2.3.5 One Specialist Adviser considered laparoscopic techniques for hysterectomy to be established practice and another considered them to be novel and of uncertain efficacy and safety.

2.4 Safety

2.4.1 In a non-randomised controlled study of 37,048 women undergoing hysterectomy, 0/1154 of those treated with laparoscopic techniques for hysterectomy (type not specified) died, but 14 treated with non-laparoscopic techniques died within 6 weeks of the surgery (0.04%, 95% CI 0.025 to 0.064). A non-randomised controlled study of 10,110 women reported that 0.04% (1/2434) of those who underwent laparoscopic procedures (type not specified) died during the convalescence period (not otherwise defined), compared with 0.06% (1/1801) of women who had VH and 0.02% (1/5875) of women who had AH (significance level not stated). The authors stated that the causes of death were alcoholic cirrhosis, cardiac infarct and pulmonary embolism, and were not directly related to the operation.

2.4.2 The non-randomised controlled study of 37,048 women reported that the incidence of major operative haemorrhage was significantly higher (p < 0.001) for laparoscopic techniques (4.4%, 51/1154) than for VH (2.0%, 218/11,122) or AH (2.3%, 571/24,772). However, the non-randomised controlled study of 10,110 women reported no significant difference in perioperative haemorrhage between laparoscopic techniques, VH and AH.

2.4.3 A case series of women undergoing LH reported haemorrhage requiring blood transfusion in 0.3% (5/1648). The case series of women undergoing TLH reported that blood transfusion was required for 0.97% (16/1647).

2.4.4 The systematic review and meta-analysis and the non-randomised controlled study of 10,110 women found that the incidence of urinary tract injuries was significantly higher among women who underwent laparoscopic procedures (type not specified) than those who had AH (meta-analysis: OR 2.61, 95% CI 1.22 to 5.60, 10 RCTs, n = 1912; non-randomised study: 1.1% vs 0.2% for ureteric injury and 1.3% vs 0.5% for bladder injury, p < 0.0001). There was no significant difference in the incidence of bowel injury between laparoscopic techniques and AH in either study (meta-analysis: two RCTs, n = 1066; non-randomised study: n = 8309).

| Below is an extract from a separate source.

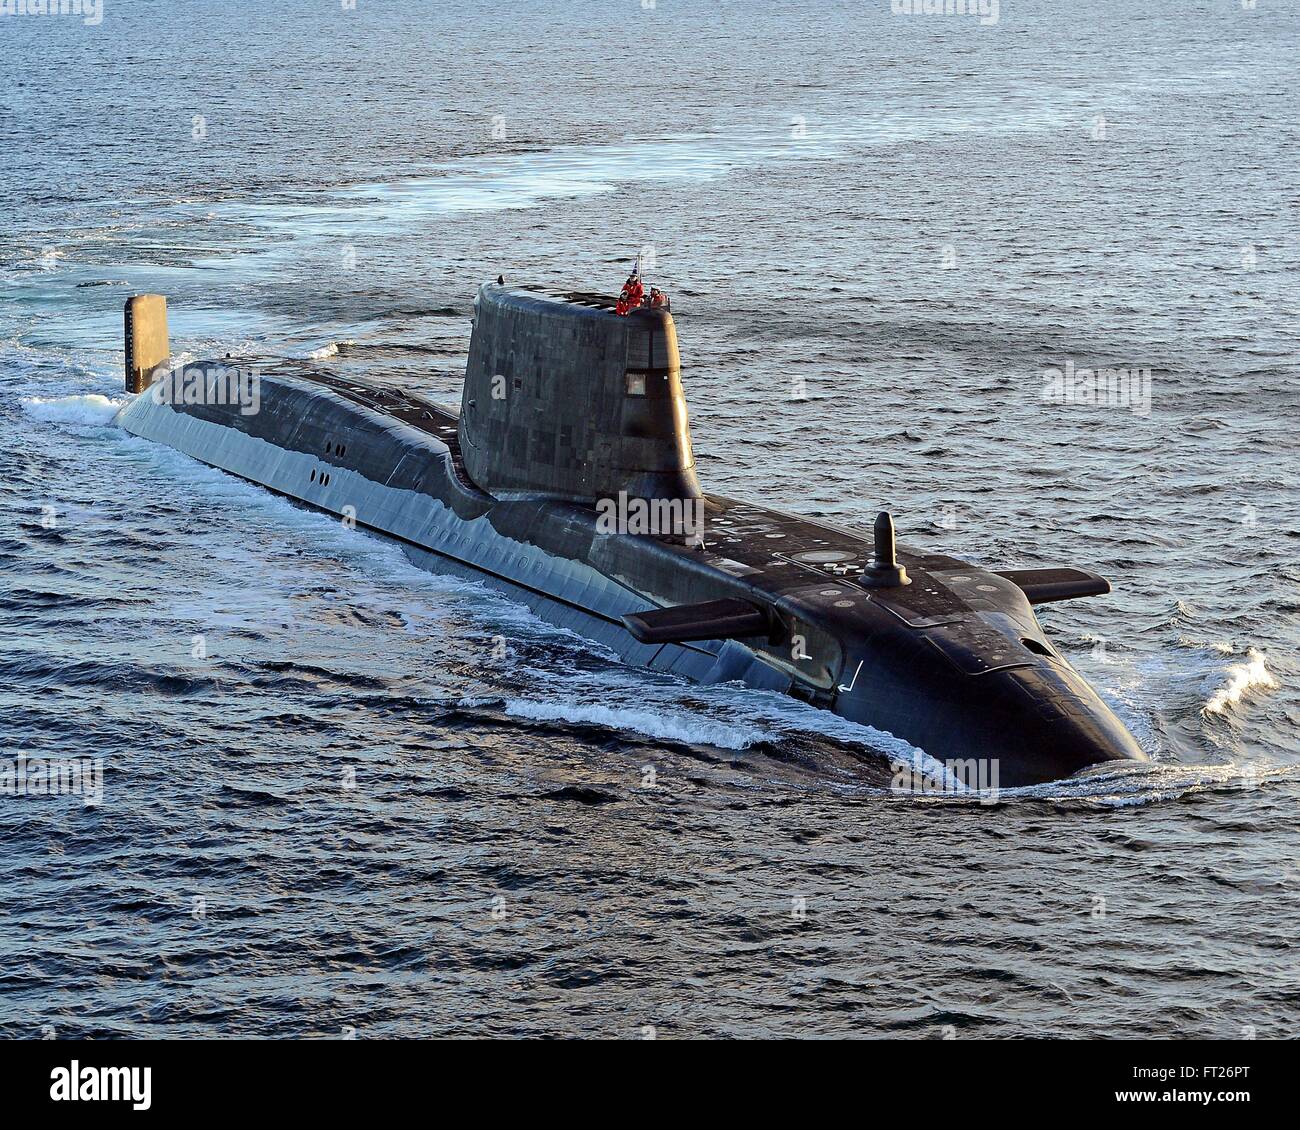 The Royal Navy Astute class submarine HMS Ambush during sea trials December 5, 2012 near Scotland. Stock Photo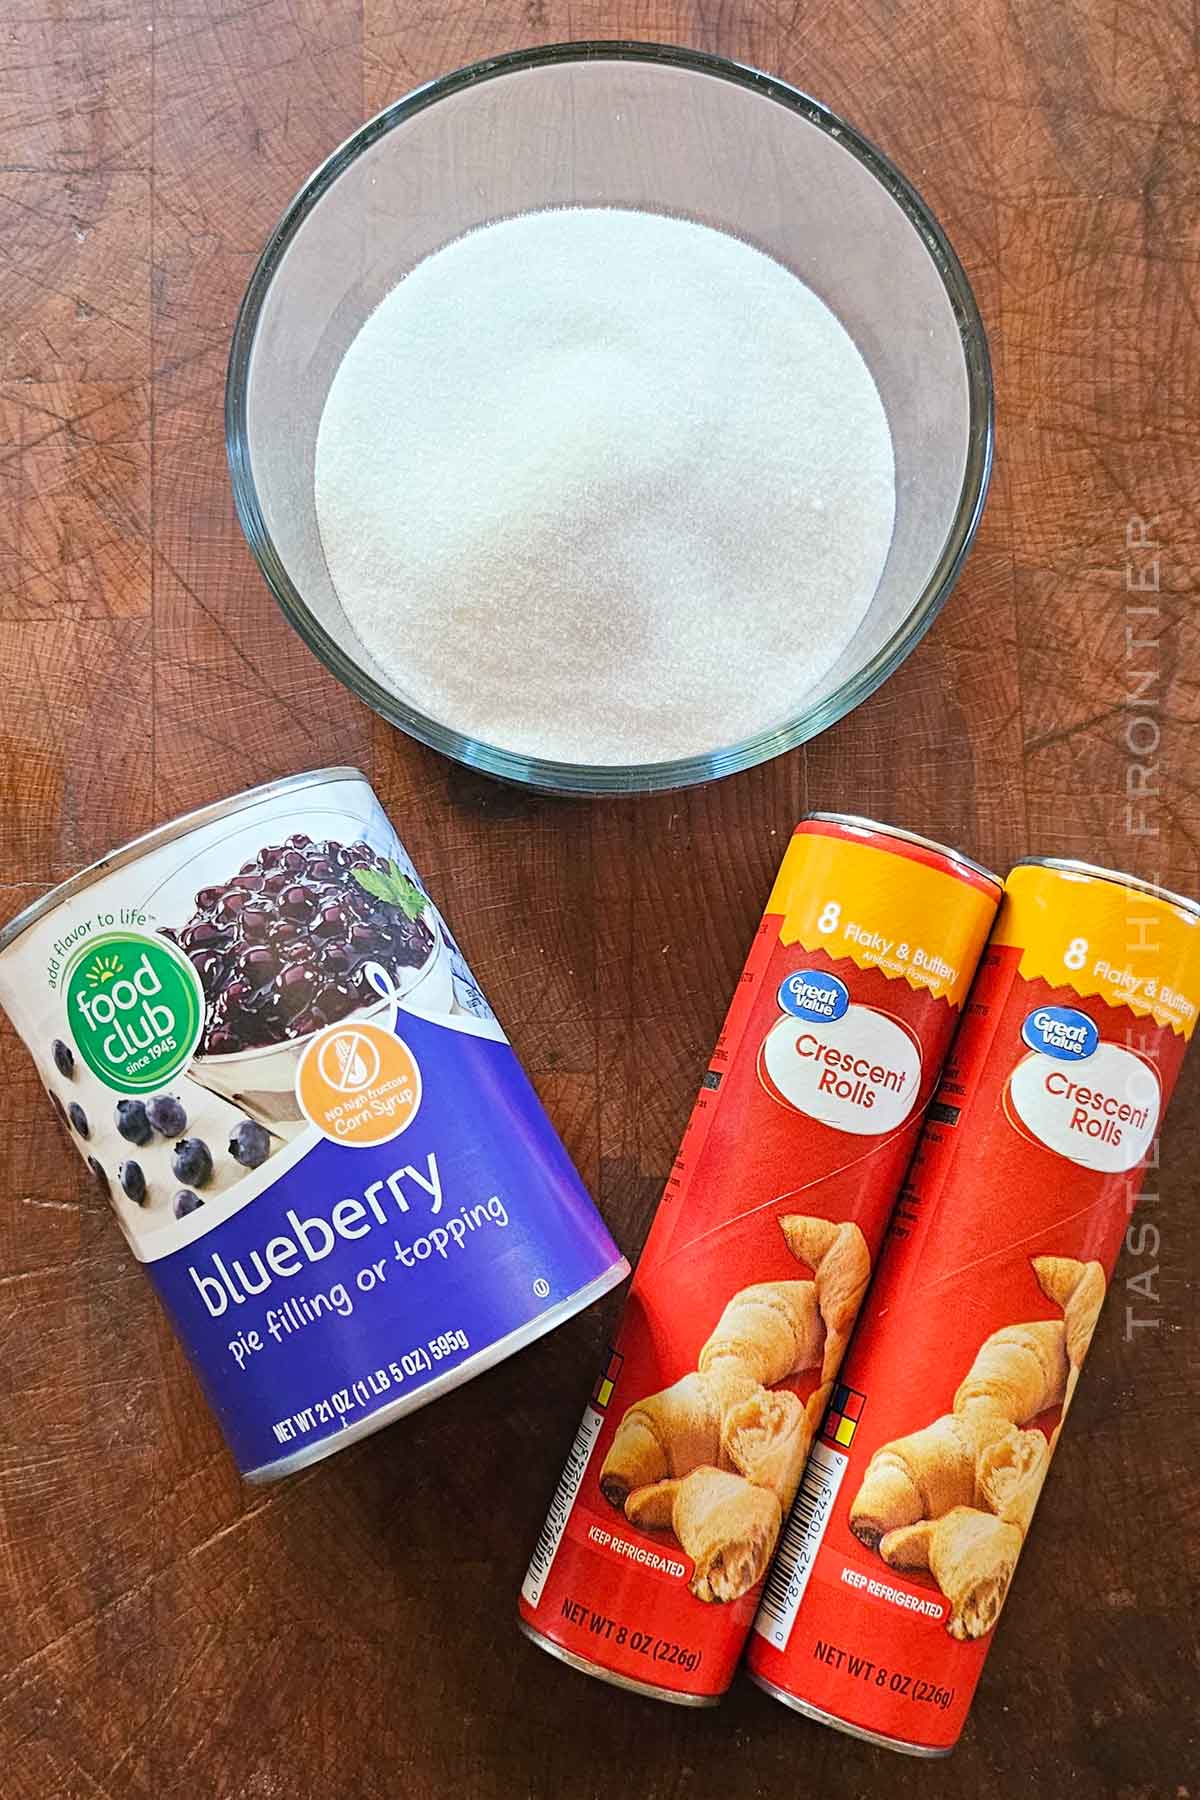 Blueberry Cruffin ingredients

2.4.5 Comparing laparoscopic techniques with VH, the meta-analysis found no significant difference for urinary tract injury (six RCTs, n = 805), bowel injury (one RCT, n = 504) or vascular injury (four RCTs, n = 685). Comparing laparoscopic techniques with VH, the non-randomised controlled study reported a higher incidence of injuries to the ureter in the laparoscopic group (1.1% vs 0%) and bladder (1.3% vs 0.2%) (p value not stated for either outcome), but a similar incidence of bowel injury (0.4% vs 0.5%) in the two groups (absolute numbers not provided).

2.4.6 In the meta-analysis, there was no significant difference between laparoscopic techniques and AH for vascular injury (two RCTs, n = 956, OR 1.76, 95% CI 0.52 to 5.87).

2.4.7 The larger non-randomised controlled study reported that the incidence of visceral damage was higher in women who underwent laparoscopic procedures (1.1%, 13/1154) compared with those who had VH (0.6%, 68/11,122) or AH (0.76%, 189/24,772), but the difference was not significant.

2.4.8 A case series of 5104 women who underwent laparoscopic procedures (type not specified) reported ureteric injury in 66 women (1.3%), simple bladder injury in 22 (0.4%), vesicovaginal fistula in 12 (0.2%), intestinal injury in 15 (0.3%) and major vascular injury in 1 (0.02%).

2.4.9 In a case series of 1405 women undergoing LSH involving electric morcellation of the uterus, adenomyosis was reported in 0.6% (8/1405) of women, all of whom had been treated for symptomatic menorrhagia due to submucosal myomas. Symptoms of the adenomyosis occurred between 2 and 9 years after LSH and included pelvic pain and deep dyspareunia. Laparoscopic surgery was required to make a final diagnosis of the tumours and to remove them. For more details, refer to the 'Sources of evidence' section.

2.4.10 Both Specialist Advisers considered special training to be necessary and to have important implications for safety. They considered theoretical adverse events to be injury to the ureter and bowel, vascular injury, haemorrhage and the need for blood transfusion.